I really like you. Your innocence, your kind-heartedness, your care for friends and your sweet little smile.

But the more I like you, the more i hate to let go. I know communication between the both of us have gone from bad to worse. I guess that kind of chemistry we had has been transferred to your other friend. I really wish we could be go back in time, to the days when we were more than just friends, when we could chat about almost everything in the world.

People told me to fight for my happiness, people told me to let go.

I didn't mean to say stuff to hurt you.

Your nonchalant style of reaction once leaves me in a confusion. i don't know if I should take a step forward, or slowly fade away.

I really appreciate the friendship that we have. And I do cherish it, even till today. But how about you? I guess ever since the other guy stepped into your life. Our friendship was never the same again. Less stuff exchanged, less stuff to talk about.

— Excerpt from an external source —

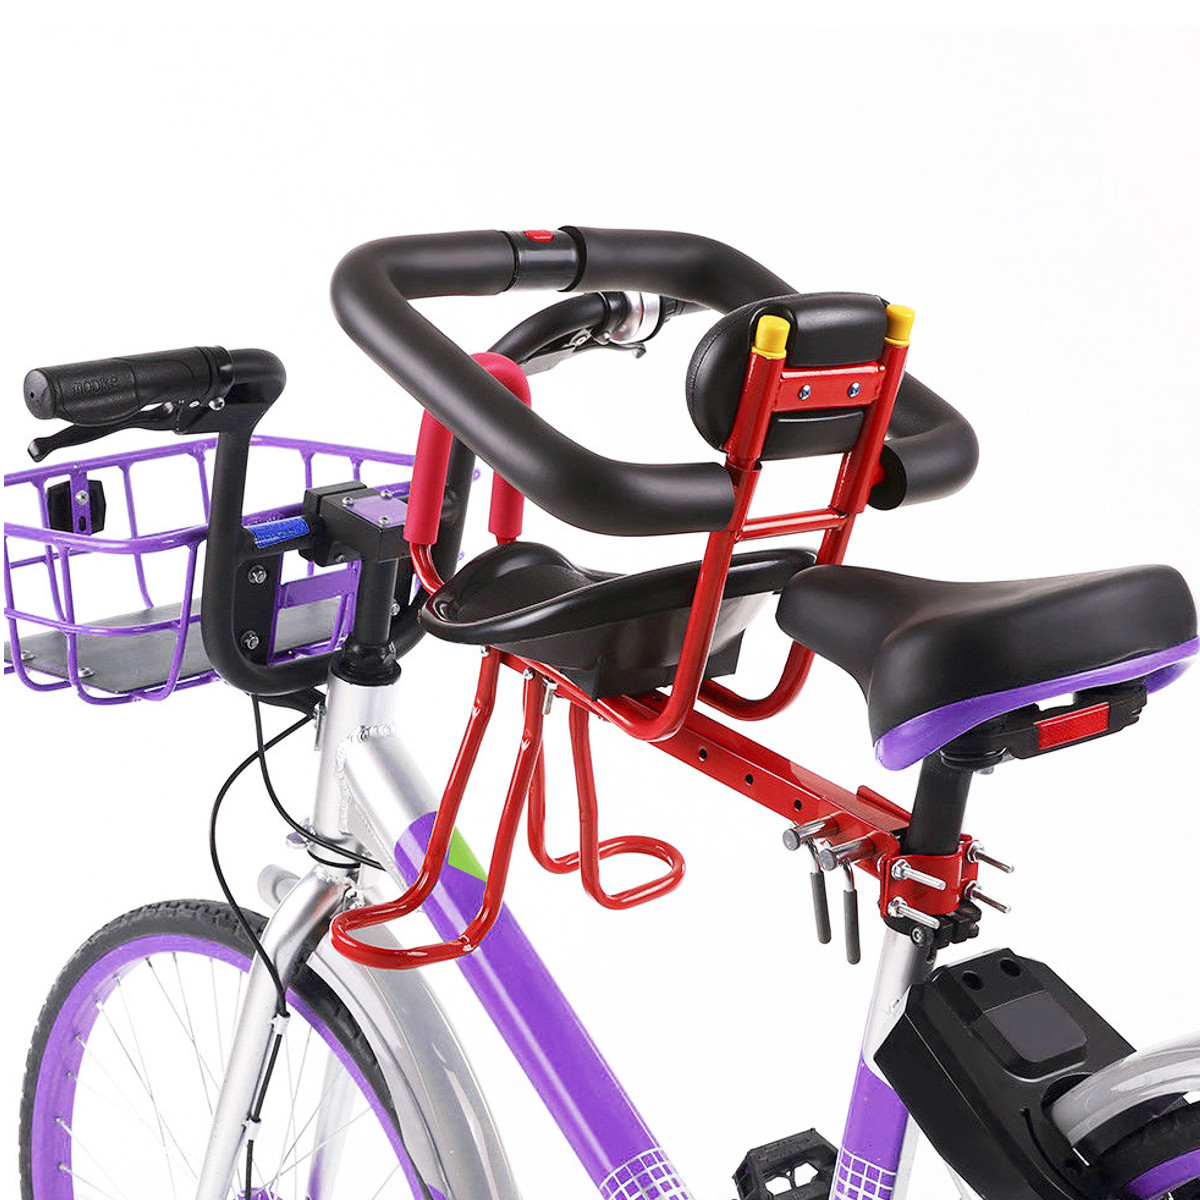 

BIKIGHT Велосипед Kids Rack Mount Seat Protection Safety Quick Release Замок Велоспорт Дети Передние кресла для седла Велосипедные аксессуары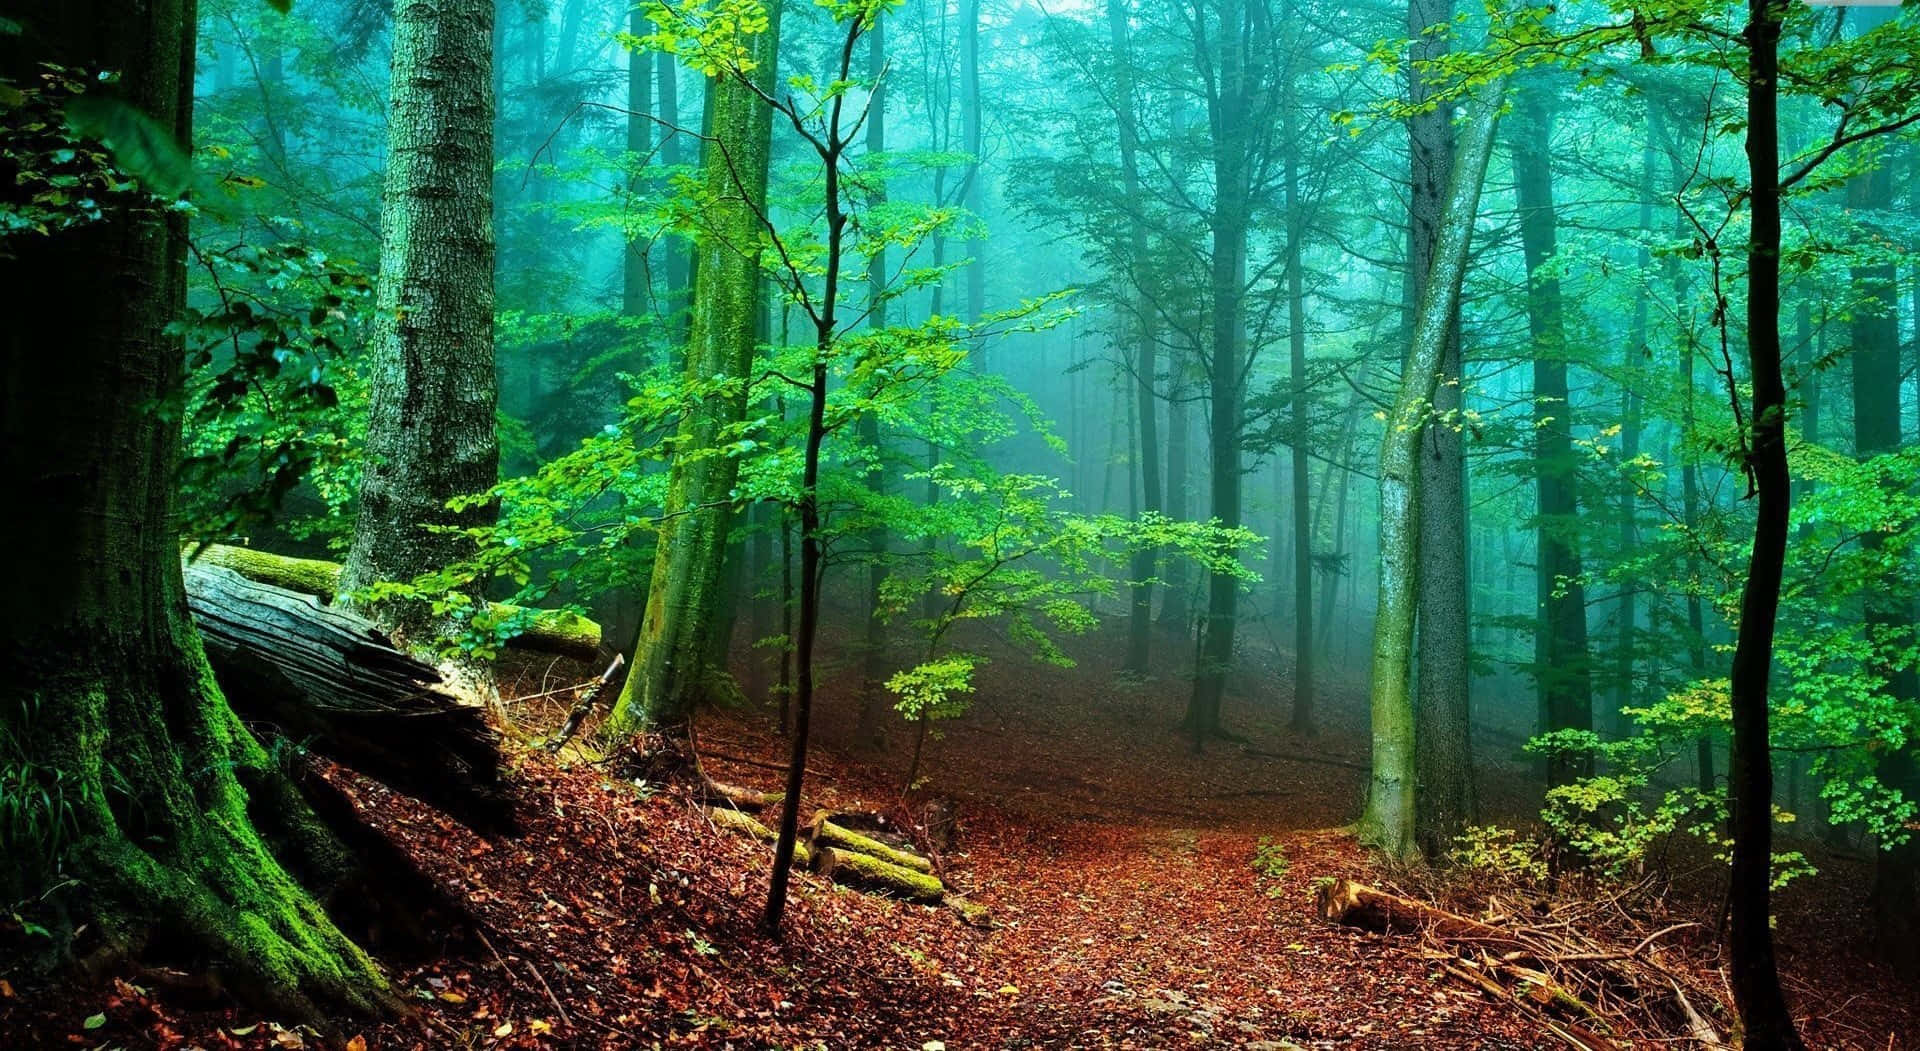 Bosqueexuberante Y Verde; Una Vista De La Belleza De La Naturaleza. Fondo de pantalla

I guess i can feel that kind of lost you felt in the past, when I don't sms you or choose to 'ignore' you. It really sucks... big time. Every single time my phone vibrates or rings, all I hope to see are your replies. But somehow the replies I'm getting nowadays are not yours. I feel lost, but you are busy. I understand. But sometimes, it still bothers me when you will reply to other people's messages immediately when you receive them, while you will only reply to mine like an hour later or even half the day. I won't question you, cause this is your privacy, your discretion, and I totally respect it. have I lost that significance and importance in your life already? Have you really found someone else whom is also significant already? I don't know. I don't dare to think. "Don't think too much".. that's all I'm always told.

I'm sorry that I appear to be more emotional nowadays. I mean.. it's partly because of you.. but it's also because of work too. I'm just so sick and tired of school, i can hardly find any joy in it. Pardon me for all the complaints and emo msg that I send. I know it bothers you. Like what ira says: "nobody likes emo people", which I totally agree. And i believe that other guy can give you the funny bone that you are looking for.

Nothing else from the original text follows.